An adoption proceeding is another special action in which no appeal is authorized by special statute. We have uniformly entertained appeals in adoption matters. Adoption of Alley, 234 Iowa 931, 14 N.W.2d 742, 745, 746, and cases there cited, where we said: 'So far as our reports show, our right to do so has never before been questioned.' Plaintiff in effect seeks to commit the court to the views expressed in the dissenting opinion in the Alley case.

Barnes v. Paanakker, 72 App.D.C. 39, 111 F.2d 193, 194, 195 (Vinson, J.), holds that an appeal lies under a general statute similar to our Rule 331(a) from a denial of a petition to adopt minors. The court says:

'Although there is some slight sanction for this contention (citing Meyers v. Mevers, 32 Ill.App. 189, and In re Hughes, 88 Okl. 257, 213 P. 79), in many, if not most, states appellate jurisdiction is exercised over adoption proceedings through appeal (citing several cases), writ of error, or certiorari. Moreover, we are of the opinion that the more persuasive authority takes the view that an appeal will lie, under a general appeals statute, from a final order or decree of a lower court entered in adoption proceedings. (Citing cases.)'

Meyers v.
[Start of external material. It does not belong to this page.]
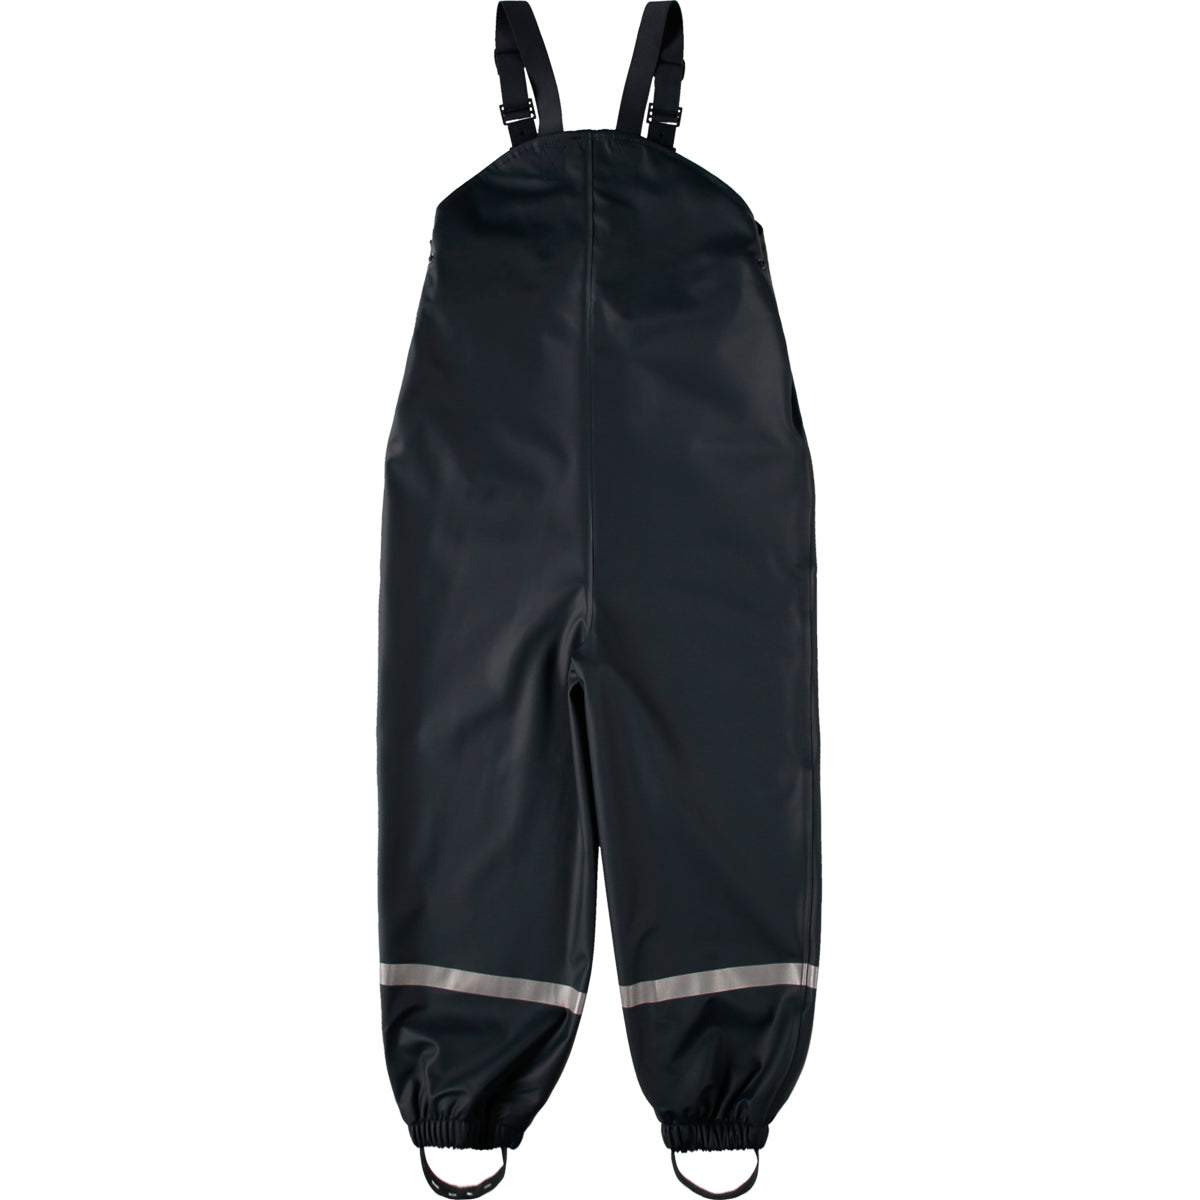 motorcycle waterproof Rain pants bib with suspenders XS  eBay
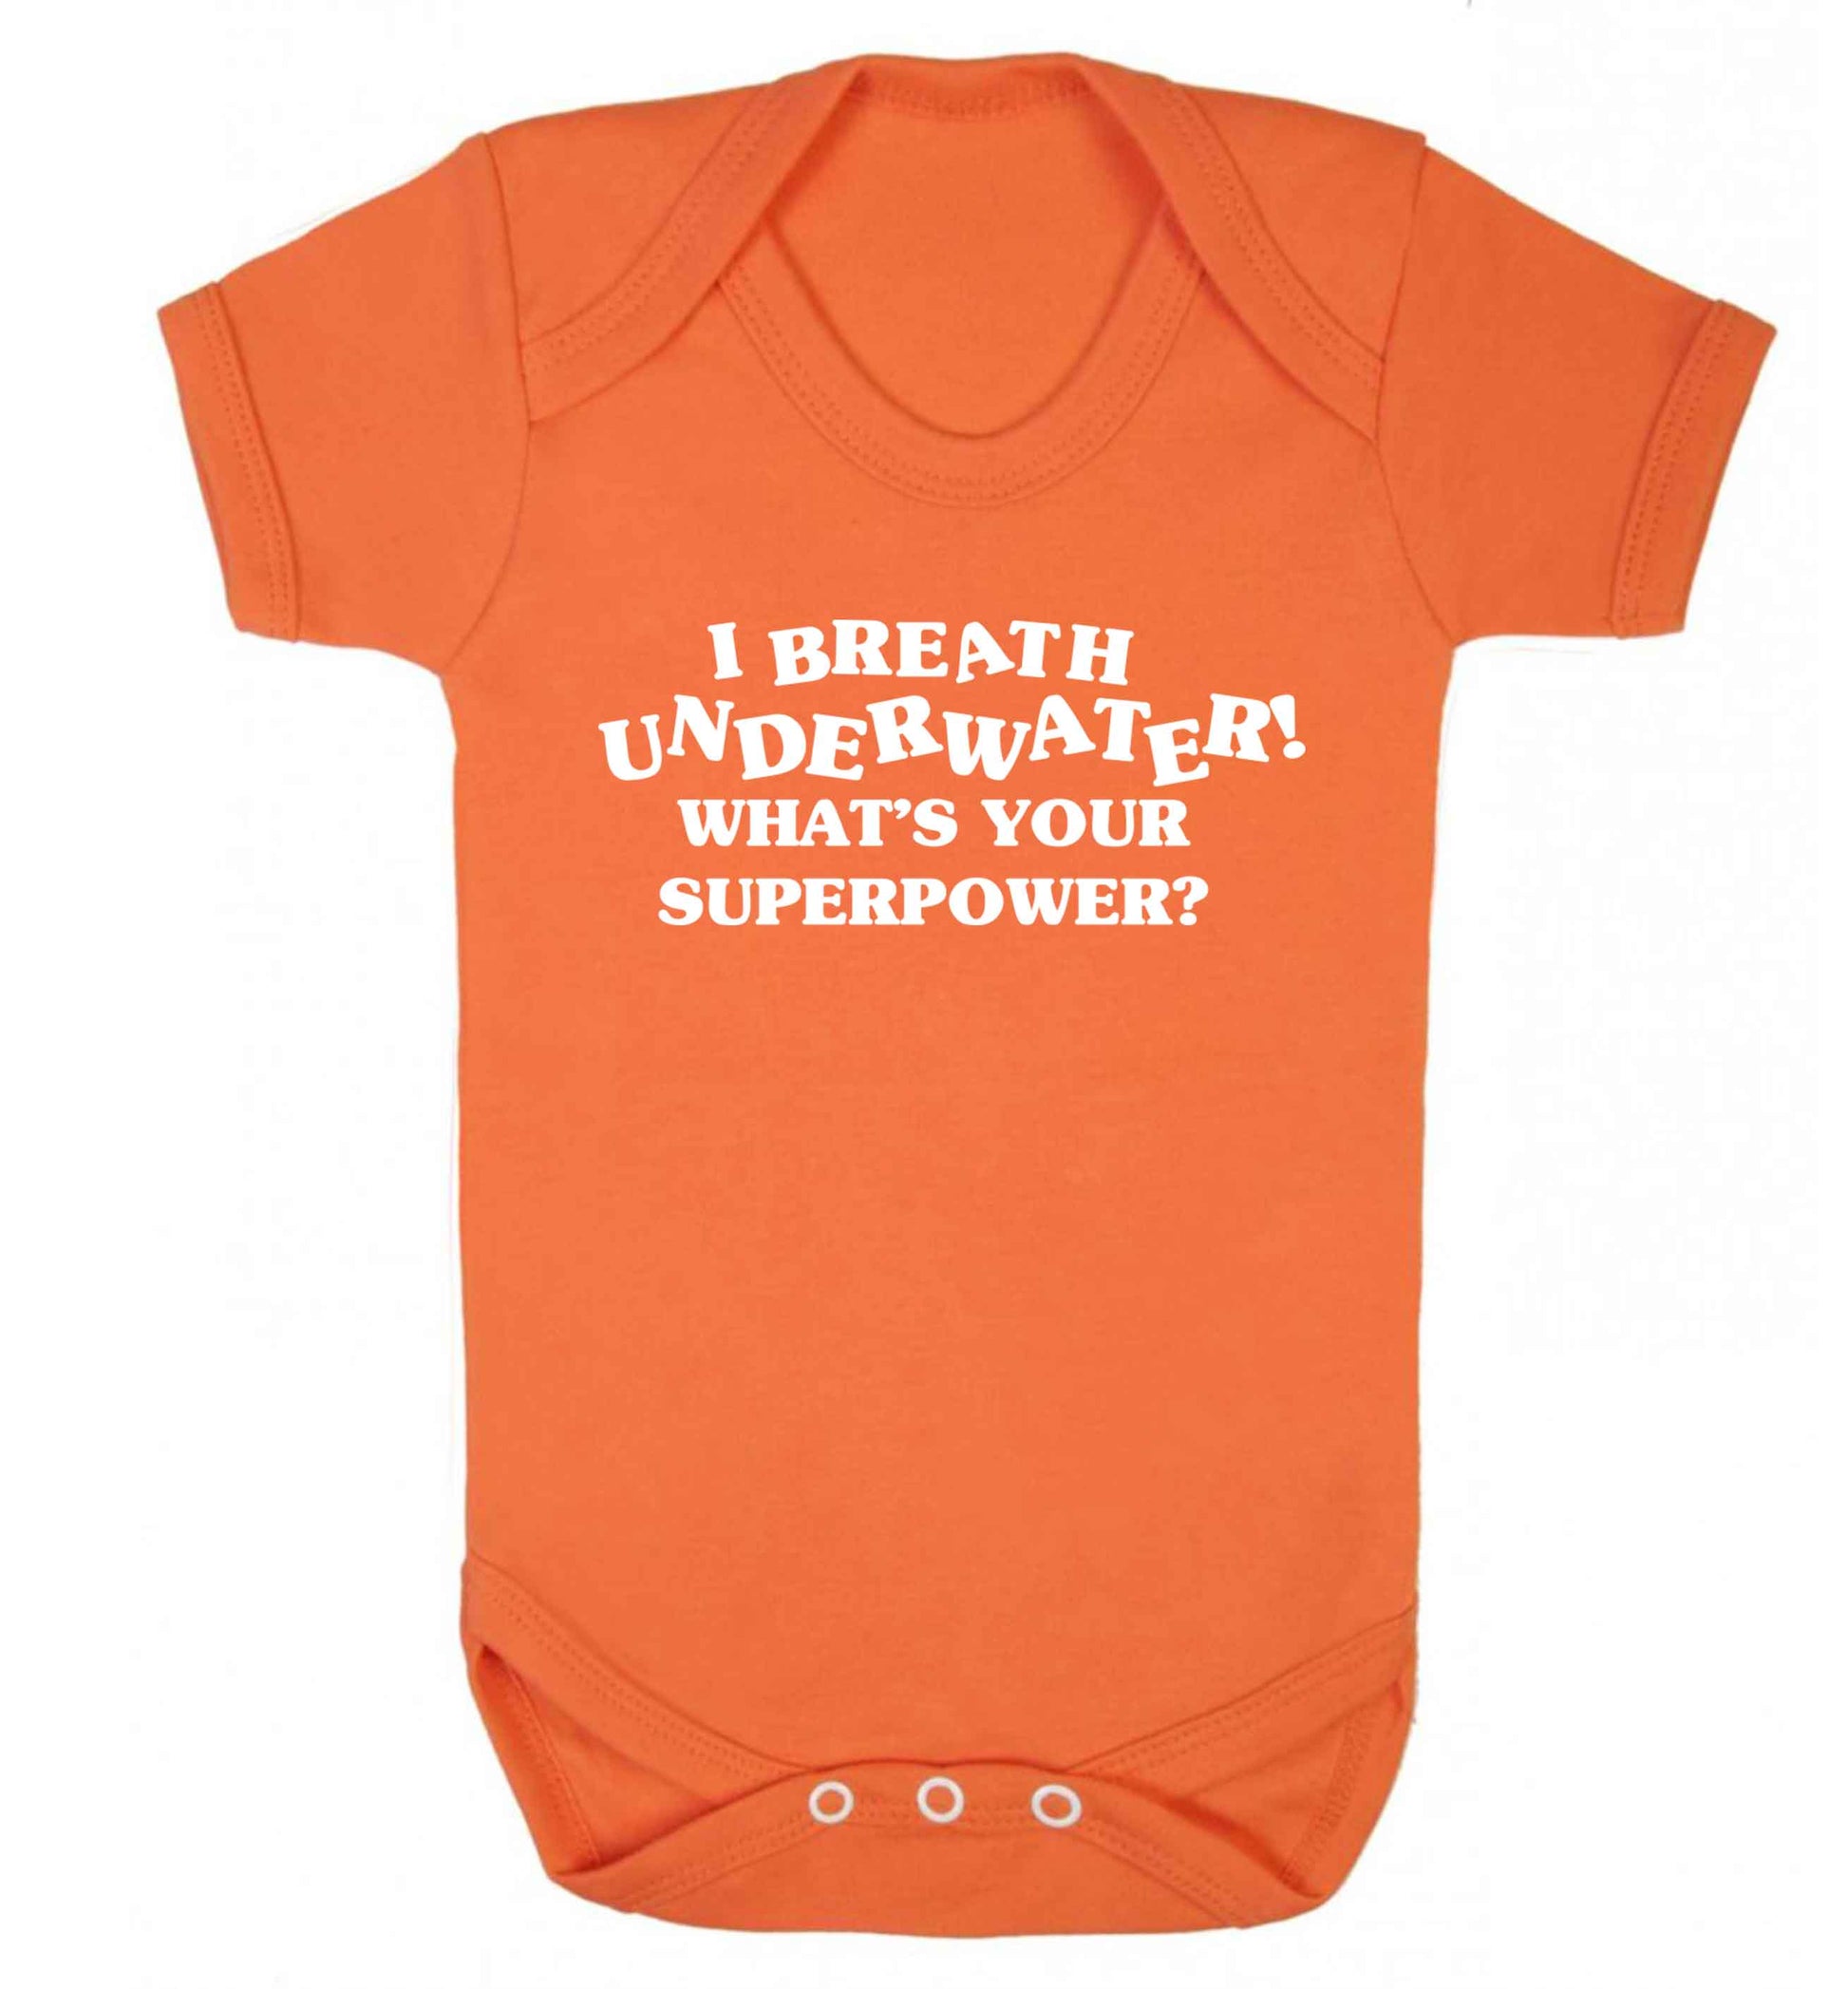 I breath underwater what's your superpower? Baby Vest orange 18-24 months

Meyers, referred to in the foregoing excerpt, was, as stated in the Barnes case, decided on the authority of People v. Gilbert, 115 Ill. 59, 3 N.E. 744, to which we later refer. In re Hughes, to which the Barnes opinion refers, is cited in the dissent in Adoption of Alley, supra. The Barnes case says: 'The status of In re Hughes, supra, as an authority on this question is, therefore, somewhat dubious.'

We have also entertained appeals from final orders of the juvenile court, in the absence of any special statute authorizing such appeals. State v. Johnson, 196 Iowa 300, 194 N.W. 202. See also In re East Minors, 143 Iowa 370, 122 N.W. 153.

To refuse to entertain this appeal would be a reversal of the position we have taken in appeals from findings of insanity by the district court under chapter 177, from decrees of adoption and from final orders of ...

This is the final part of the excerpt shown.